Theory predicts a very rich high pressure chemistry of hydronitrogens with the existence of many N_xH_y compounds. The stability of these phases under pressure is being investigated by the compression of N₂–H₂ mixtures of various compositions. A previous study had disclosed a eutectic-type N₂–H₂ phase diagram with two stoichiometric van der Waals compounds: (N₂)₆(H₂)₇ and N₂(H₂)₂. The structure and pressure induced chemistry of the (N₂)₆(H₂)₇ compound have already been investigated. Here, we determine the structure of the N₂(H₂)₂ compound and characterize using Raman spectroscopy measurements the chemical changes under a pressure cycle up to 60 GPa and back to ambient conditions. A N₂(H₂)₂ single crystal was grown from a 1 : 2 N₂–H₂ mixture and its crystalline structure was solved using synchrotron X-ray diffraction.
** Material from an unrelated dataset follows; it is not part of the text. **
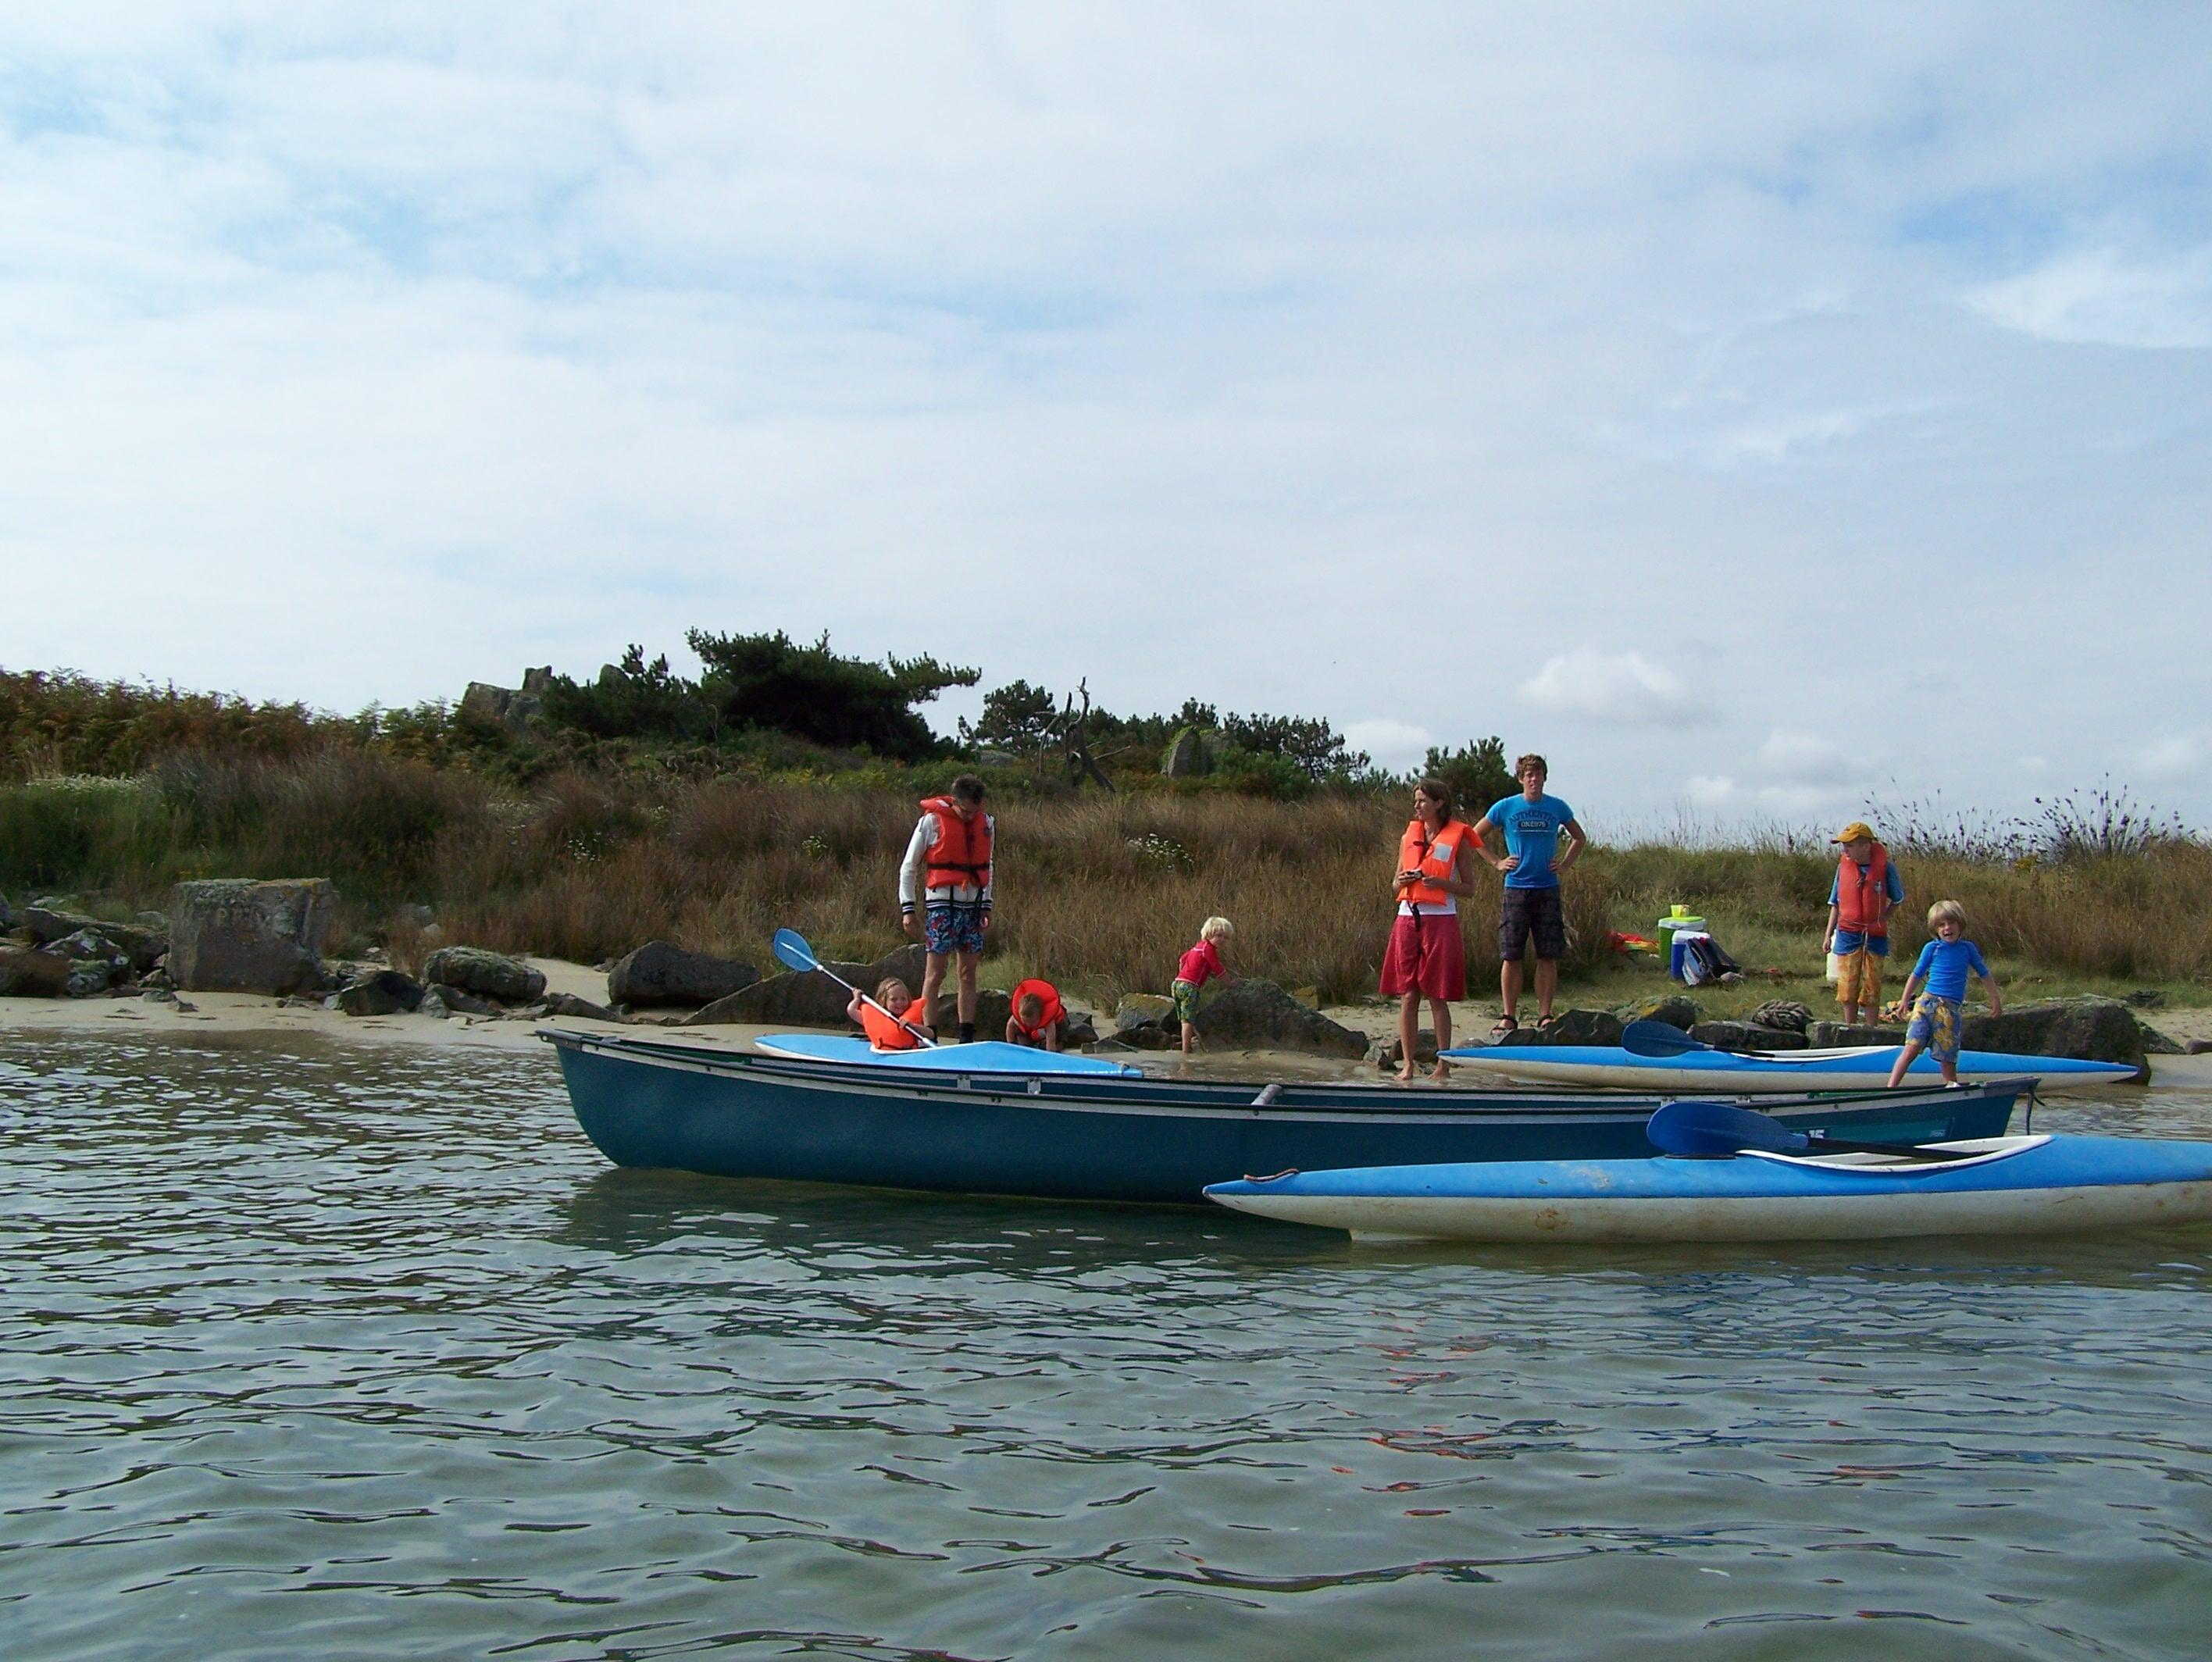 Pauze bij een eilandje tijdens de kanotocht

Similar to the (N₂)₆(H₂)₇ solid, N₂(H₂)₂ has a remarkable host–guest structure containing N₂ molecules orientationally disordered with spherical, ellipsoidal and planar shapes. Above 50 GPa, N₂(H₂)₂ was found to undergo a chemical reaction. The reaction products were determined to be of the azane family, with NH₃ as the main constituent, along with molecular nitrogen. Upon pressure decrease, the reaction products are found to react in such a way that below 10 GPa, hydrazine is the sole azane detected. Observed down to the opening of the diamond anvil cell, the formation of metastable hydrazine instead of the energetically favorable ammonia is puzzling and remains to be elucidated. That could change the current view of Jovian planets’ atmospheres in which ammonia is assumed the only stable hydronitrogen molecule.